The HSE said it could not discuss individual cases.
"I feel like her choice is being taken away from it," Clair says. The family have been "very stressed" by what has happened to Kay, she continues.
Kay's behaviour, from saying she would throw herself into the river or that she would burn the house down, the production of knives — they were "a cry for help", and yet they acknowledge that something must be done to ensure Kay doesn't harm herself or others.
"We were saying [recently] was it better for her to be safe in prison rather than shouting and roaring on the streets? I don't know if I am doing more harm than good, bringing it all up..."
Kay does not have a problem with drink or drugs. For both Clair and Carmel, she is not a criminal, yet she finds herself in Limerick Prison. Despite her difficulties, she is aware of where she is and what has occurred — "when she is lucid, it's heartbreaking", Clair says. But what is the alternative? She believes a residential centre that could address her needs, even just at times of mania, would help. But is it any closer to becoming a reality? What happens when Kay comes out of prison later this year? What happens if she resumes making the calls?

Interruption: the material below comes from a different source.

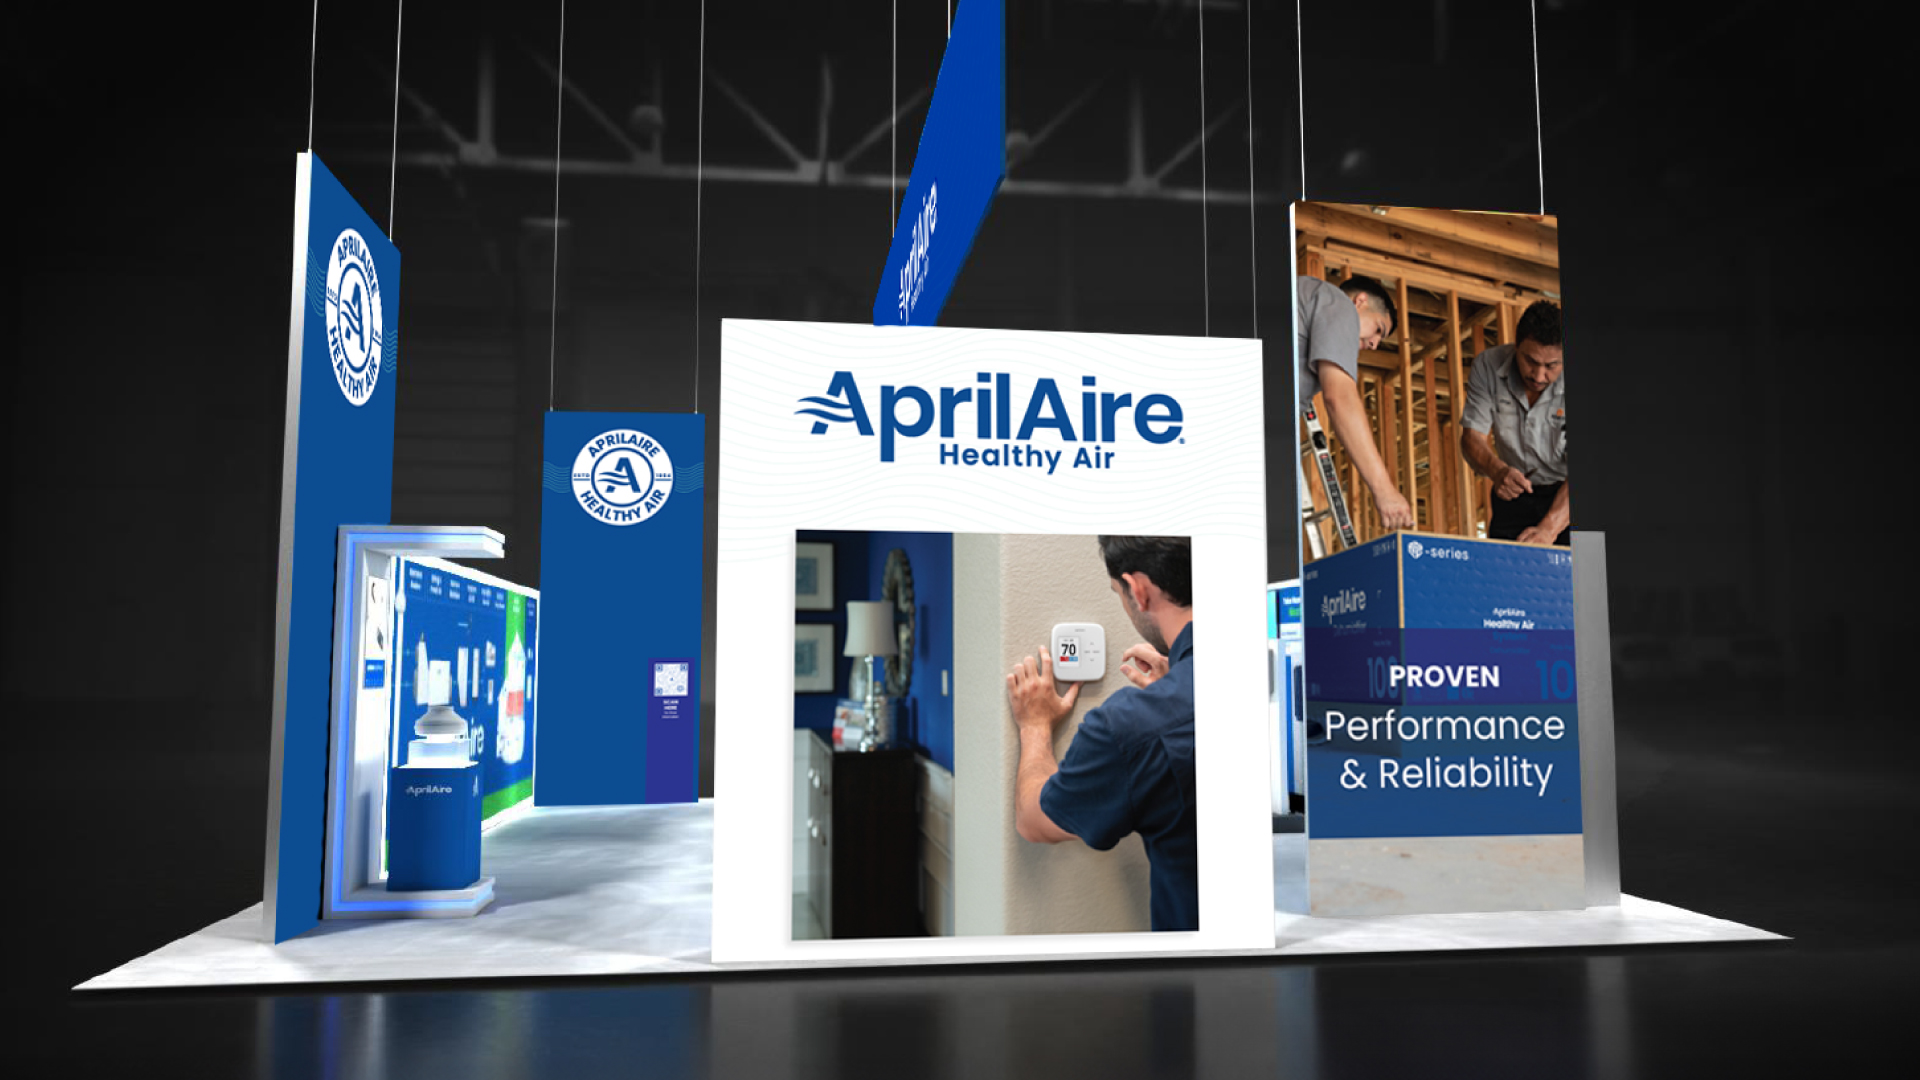 Aprilaire Healthy Air
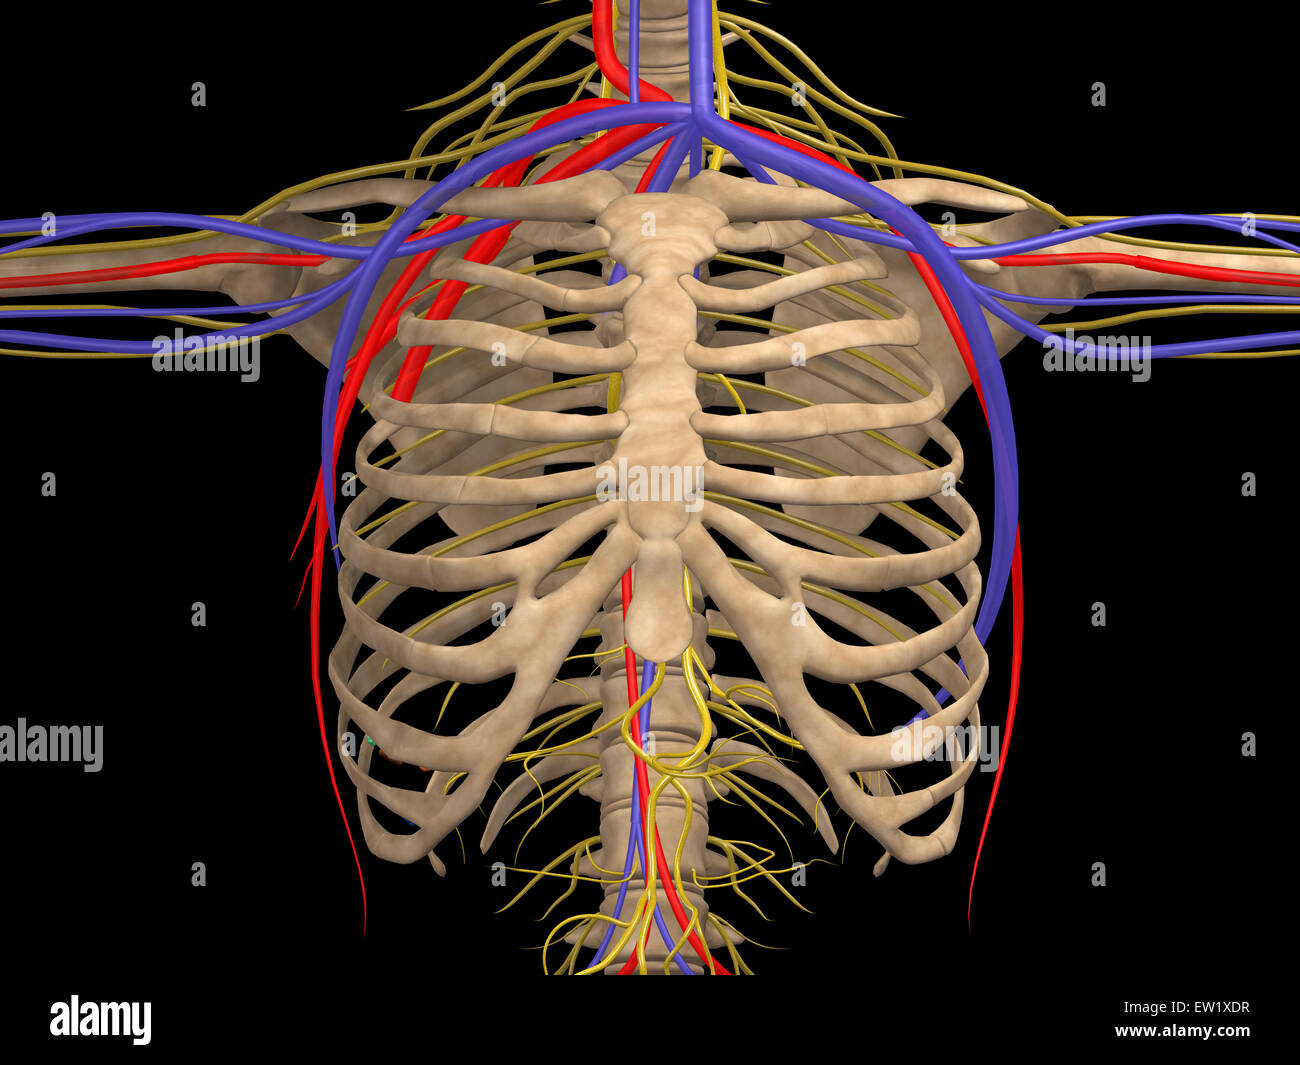 Rib cage with nerves, arteries and veins. Stock Photo

They would have liked Kay to contribute directly to this article, but they also had to consider how it might impact her. They want to help her, and for Kay to have her own voice.
"Carraig Mór is still there and I don't know why Kay can't be a part of that, like Mam.
"What is Kay's future?" Clair asks. "What is her future? If she continues ringing the guards for her coping mechanism, is she just going to spend the rest of her life in jail, for a crime that is crying out for help?
"I understand she can't keep wasting police time but something has to be put in place for that not to happen."